The majority of people with 'CFS' diagnosed in the last 10 years have no idea what neuro immune disease ME does to people as they don't have ME or even heard of it. The same way someone who isn't pregnant has no idea of the pain and psychological trauma (to some) of child birth. What is different though, is men don't speak on behalf of women regarding scientists who mock women who suffer mentally from the act of childbirth. Women speak for women regarding complex maternity experiences and defend other women being verbally tormented. These women would never be accused by others for 'personal attacks'. They would be clapped and congratulated.
To our cost, CFS patients speak for ME patients, and scientists who know nothing about CFS or ME speak for CFS and ME patients. This is what Alan Dove has done. He makes public statements, and therefore by nature will be criticised robustly for the hurt he causes. He should apologise, but won't. He has no idea people die of ME and CFS, and the vast majority who do die, commit suicide. Talking about ME and CFS in public as a scientist is therefore a procarious matter that should be thoroughly thought out. Alan Dove did not do this, and has been caught out by the furore he has caused in many. NB: The vast majority of people feeling put out are silent due to severe disabilty and by default are unable to protest......unseen, unconsidered.
Instead of realising the error of his ways, Alan Dove becomes defensive in a blog/post and says people with CFS who criticise see him as an 'idiot'. Strange but very easy to not reply in depth by saying this, and just use a few lines. Unlike people with ME and CFS he earns money, can go on vacation and prepare his own meals, wash, and breathe without difficulty. If we could too, then probably we also would return to upset patients with an Internet soundbite and turn on the ice hockey on the plasma and say 'whatever'...Which is what Alan has done. His choice. People are how they are and we can change no one.

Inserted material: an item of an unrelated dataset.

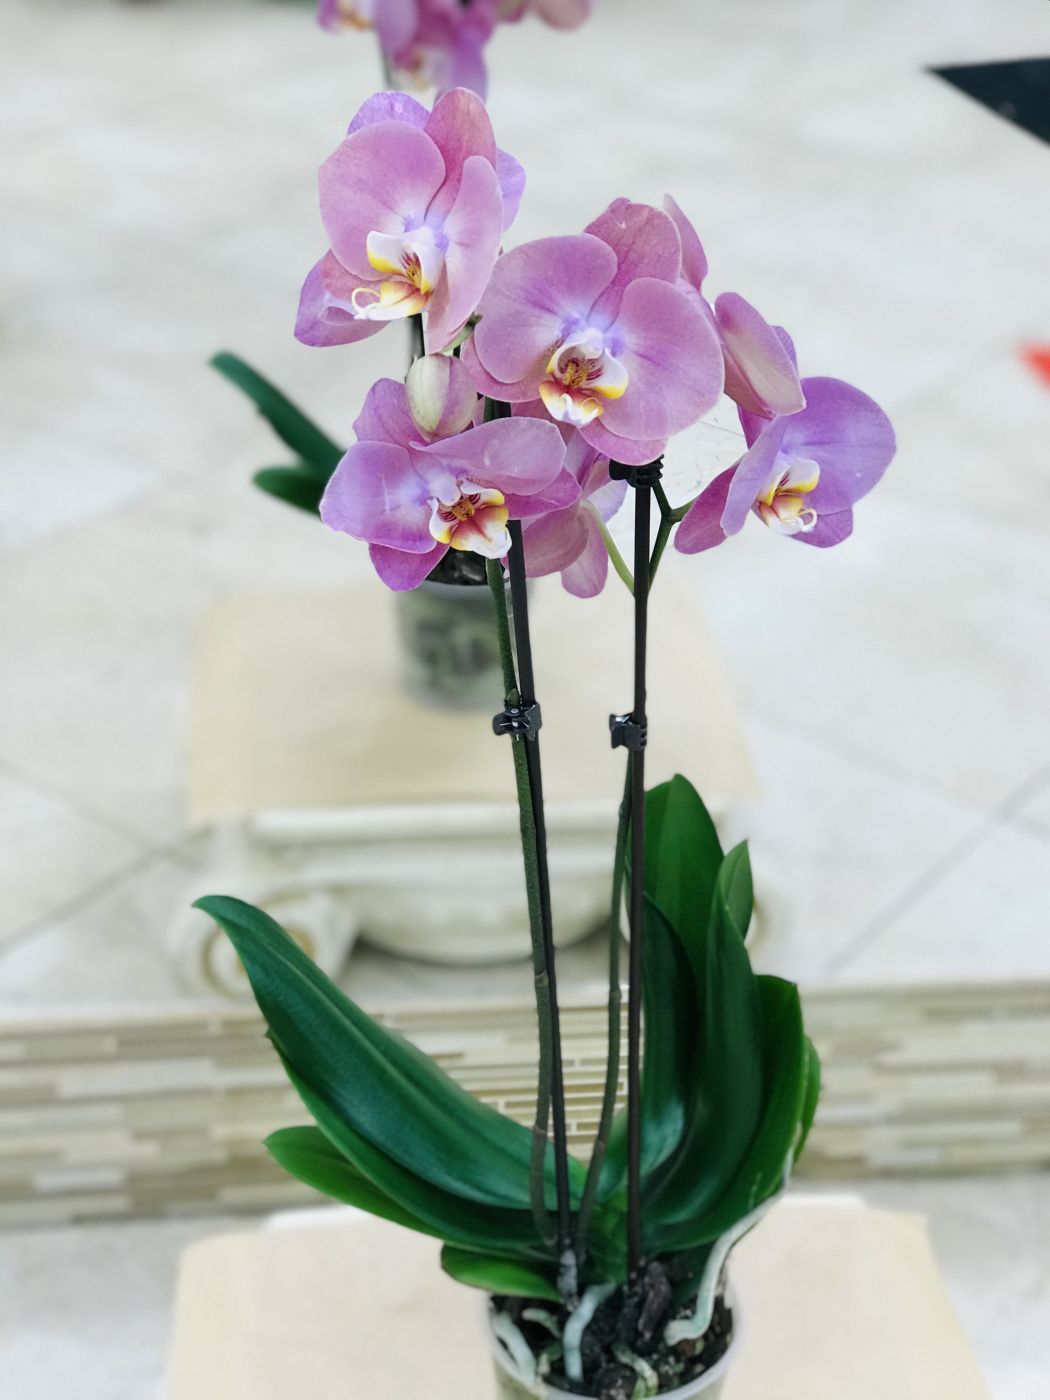 Орхидея 2 ствола

In his shoes and anorexic knowlede on bulky CFS biomedical research I'd do the same to be honest. Nothing like a negative experience and moment of hindsight to alter an engraved view though. On a ME/CFS forum, ME patients will be the minority and so sadly we get excluded from the majority. That's part of the deal with this condition no one can change it and will only be able to rectify with bombshell moments like XMRV coming along and changing the entire state of play.

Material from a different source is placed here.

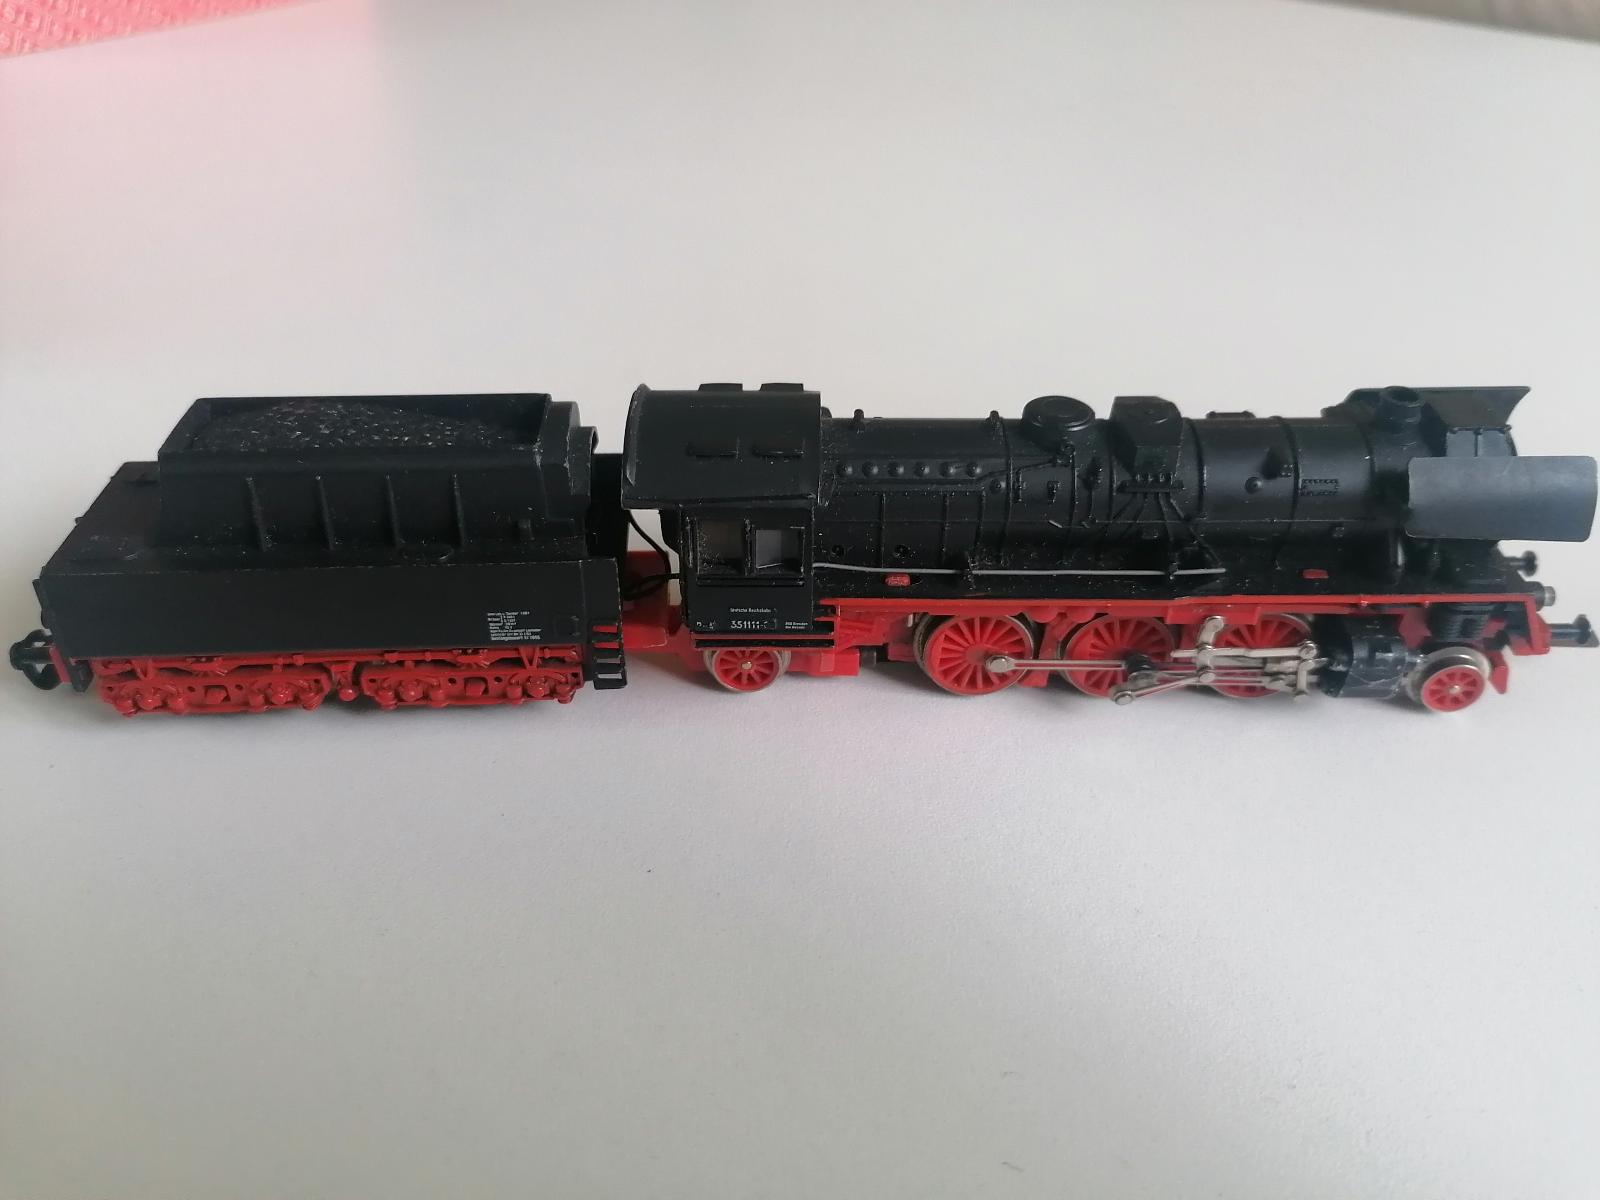 TT lokomotiva s vagonem - Modelová železnice

If and when XMRV is accepted in the medical community the severely ill with ME and CFS can go on a illness label vacation (no other is possible) and return with a new label that fits their procarious predicament more suitably that a Chronic Fatigue Syndrome. NB: For some, CFS is an approrpriate term and probably quite useful to explain what is wrong. We are all aware of this, but others are included too. 1 in 4 people are bed ridden and housebound with CFS and ME, that's 25%.
It's best to let the CFS people without severe neuro immune disablity have their say and us with have ours. That is equality and that is fair. In people not as far down the slippery biological branch that dips into the volcano of acid, Alan Dove would be seen as simply someone with a differing view, rather than someone who's just single handedly ripped neuro immune disease ME (CFS) to shreds by baiting patients with biased preset views that are outdated and unwelcomed.
Keep the flag waving Gracenote, the flag of hope for change and never surrender. Things will change.
The WPI are the armada for this change.